I think Gary Rogowski might say something a lttle different. He is pro bandsaw and believes it should be the first tool purchased. You might take a look at some of his articles on FWW about the shop tool purchasing and use of the bandsaw


----------



## knotscott (Feb 27, 2009)

I've never seen a BS cut nearly as smooth as a TS. Any BS cuts I've seen need some help being smoothed out, whether from a hand plane, jointer, planer, or sander, but if you can deal with that you might be able to utilize your BS instead of getting a TS.


----------



## RogerBean (Apr 25, 2010)

Perhaps some of our European members will chime in on this topic. Here in the U.S. we are fixated on the table saw as the first and central tool in the shop.

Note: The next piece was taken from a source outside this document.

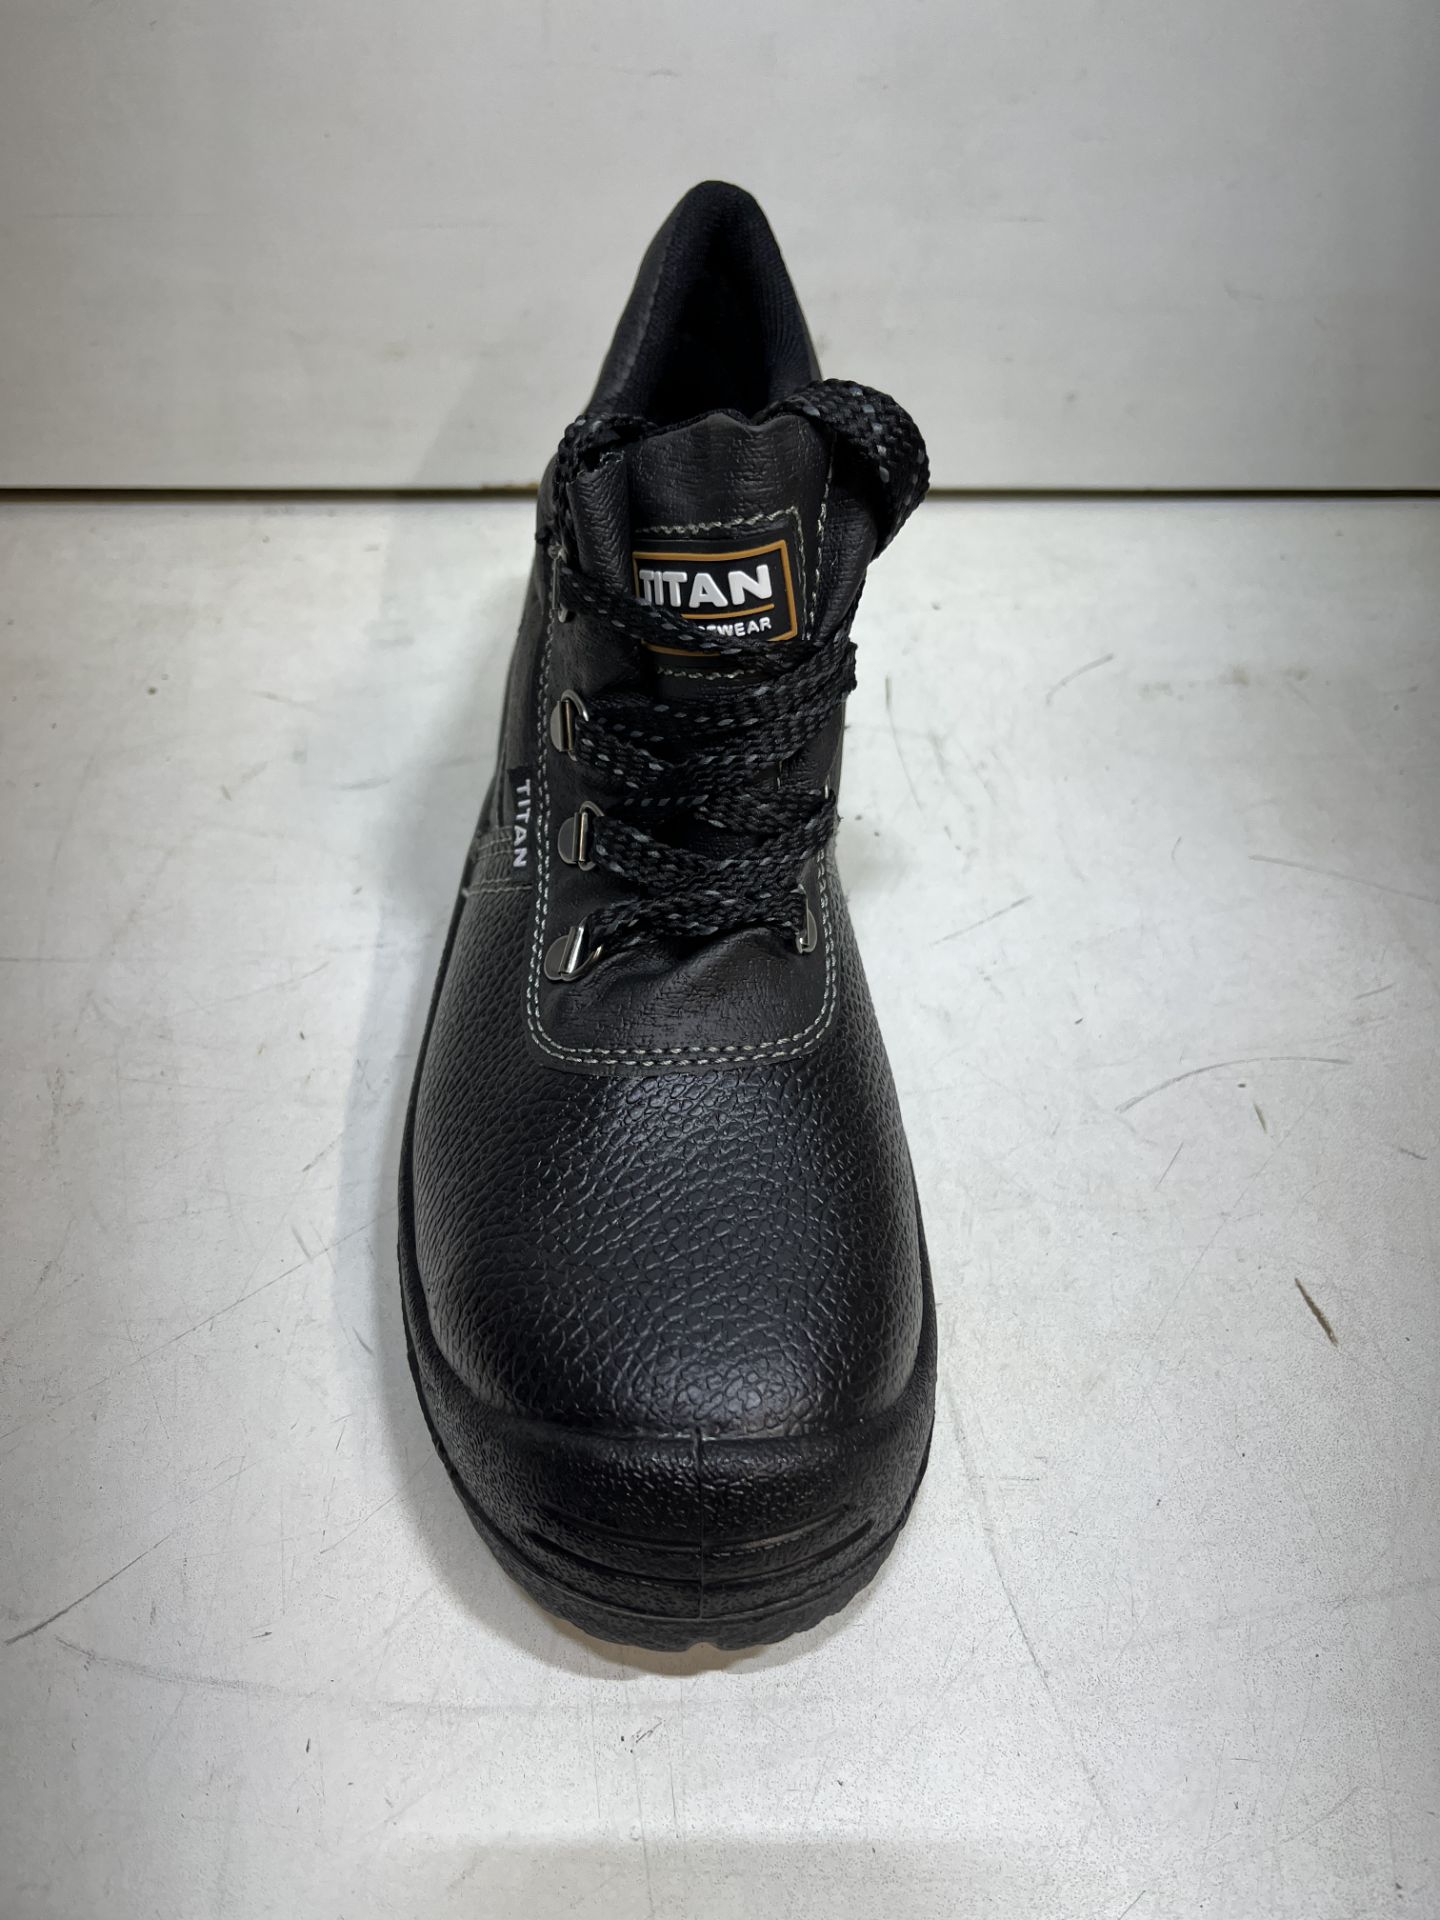 Titan Mercury SBP Black Safety Boots | UK 6 - Image 3 of 4

I began that way as well. But in Europe, the bandsaw is much more common than the table saw, but their work processes have been adapted to this reality. Here, all our books and articles are focused on the table saw for most operations, but that is not the only way. Andrew Crawford, certainly one of the world's best box makers lived with only a bandsaw for over twenty years, and only recently acquired a table saw. He still only uses it for limited crosscutting operations. Bandsaw still used for most everything. So, the table saw is not the only way.

I'm trying to think of something that can ONLY be made with a table saw instead of a bandsaw. I can't immediately think of anything, though one would get there via a somewhat different path. I have both, and would not willingly give up either (in fact, I have two bandsaws and one UniSaw) but, if I could not have my table saw with the Incra LS fence, I could still make just about anything I wanted. I would just go about it differently.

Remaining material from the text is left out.